Текущая страница: 13 (всего у книги 36 страниц)
Улыбнулась. Потянулся, перетекая вслед за извивами музыки, танец тренированного тела.
Витька смотрел, иногда, спохватываясь, подносил к лицу пузатый бокал и отхлебывал, пачкая красным вином край рта. Сбоку, из полумрака сверкал изредка Яшин глаз, тронет лицо и снова на девушку. Танец Яша наблюдал пристально, покачивал в такт музыке головой, пару раз нахмурился и даже по столу пристукнул ладонью. Удовольствие на его лице сменялось тренерским напряжением из утреннего спортзала.
Оставшись в маленьких стрингах, Тамара откинулась возле шеста, и, под заключительные аккорды, хлестнула себя по бедрам и спине, оставив на коже тонкие розовые полоски, такого же почти цвета, как маленькие полукружия сосков. Яша наклонился к Витьке:
– Потом она плетку, типа, продаст, понял? И этот, кто купил, сможет ее чуток похлестать. Ну, как тебе?

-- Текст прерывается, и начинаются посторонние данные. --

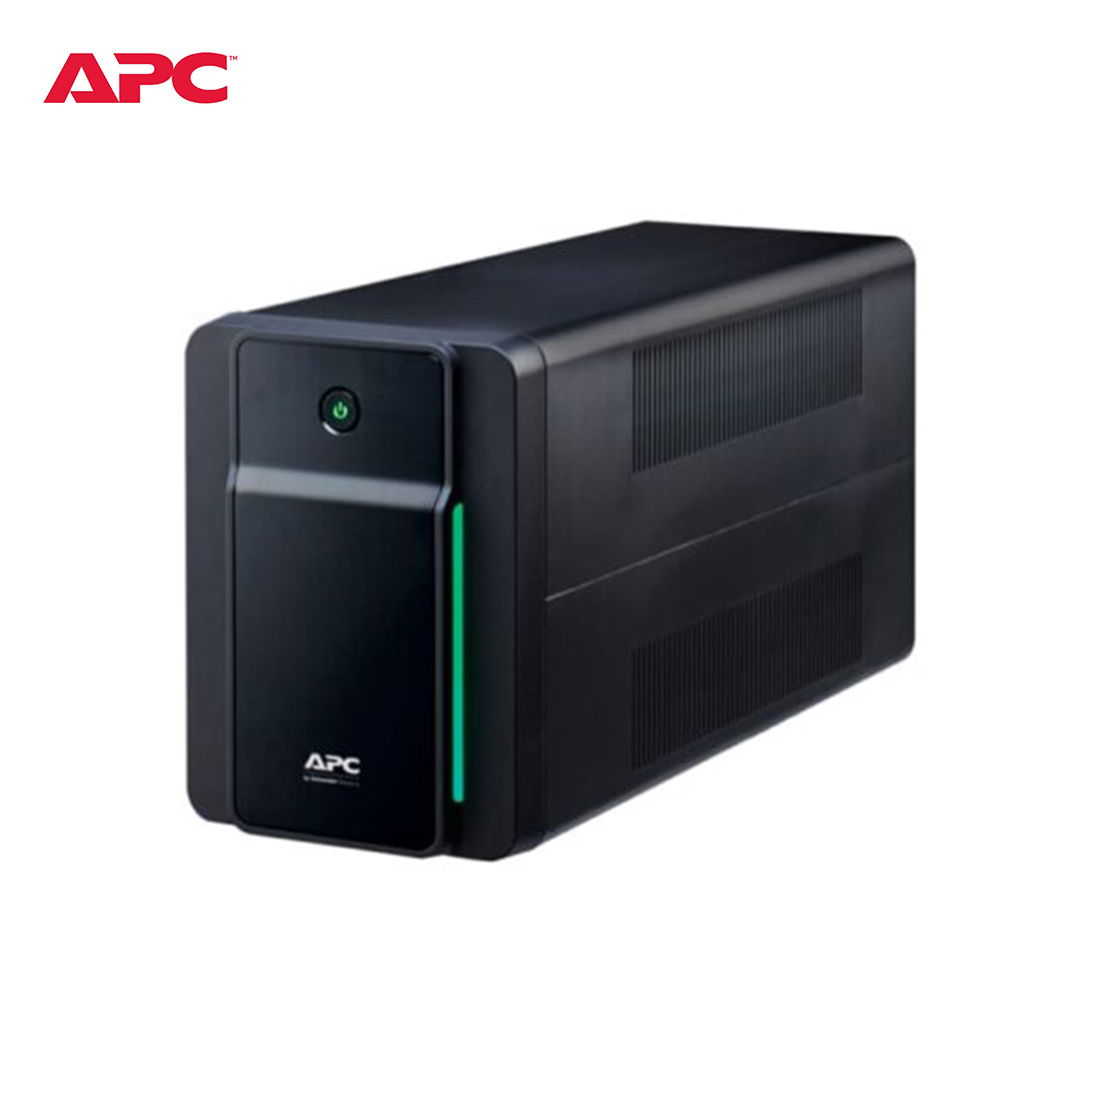 APC-Back-UPS-2200VA-1200W-230V-AVR-Universal-Sockets

Витька сделал бокалом неопределенный жест.
– Н-ну…
– Да ладно, девка-то праздник, смотри как пошла! Я тебя про фокус с плеткой спрашиваю, хорошо мы придумали?
– Мы? Это кто – мы?
– Ну, мы с ней, с Томкой. Долго сидели, думали, какую изюминку, ну вот ей идея и пришла.
– Ей…
Но тот уже отвлекся, следя за следующей девушкой. Очень старательно, как на уроке физкультуры, та перечислила телом ряд зазывных поз и, под окрик, остановилась виновато. Музыка стихла. Но Яша ругать не стал, сказал только:
– Говорил же, рано тебе. На следующий год поедешь. Беги, тренируйся.
– Яков Иваныч, – Витька глядел в спину семенящей девушке, – сколько ей лет? Хоть пятнадцать исполнилось?
– Обижаешь, друг. Два месяца назад шестнадцать спраздновали.
– Я, может, не в свое дело лезу, но это же уголовщина, разве нет?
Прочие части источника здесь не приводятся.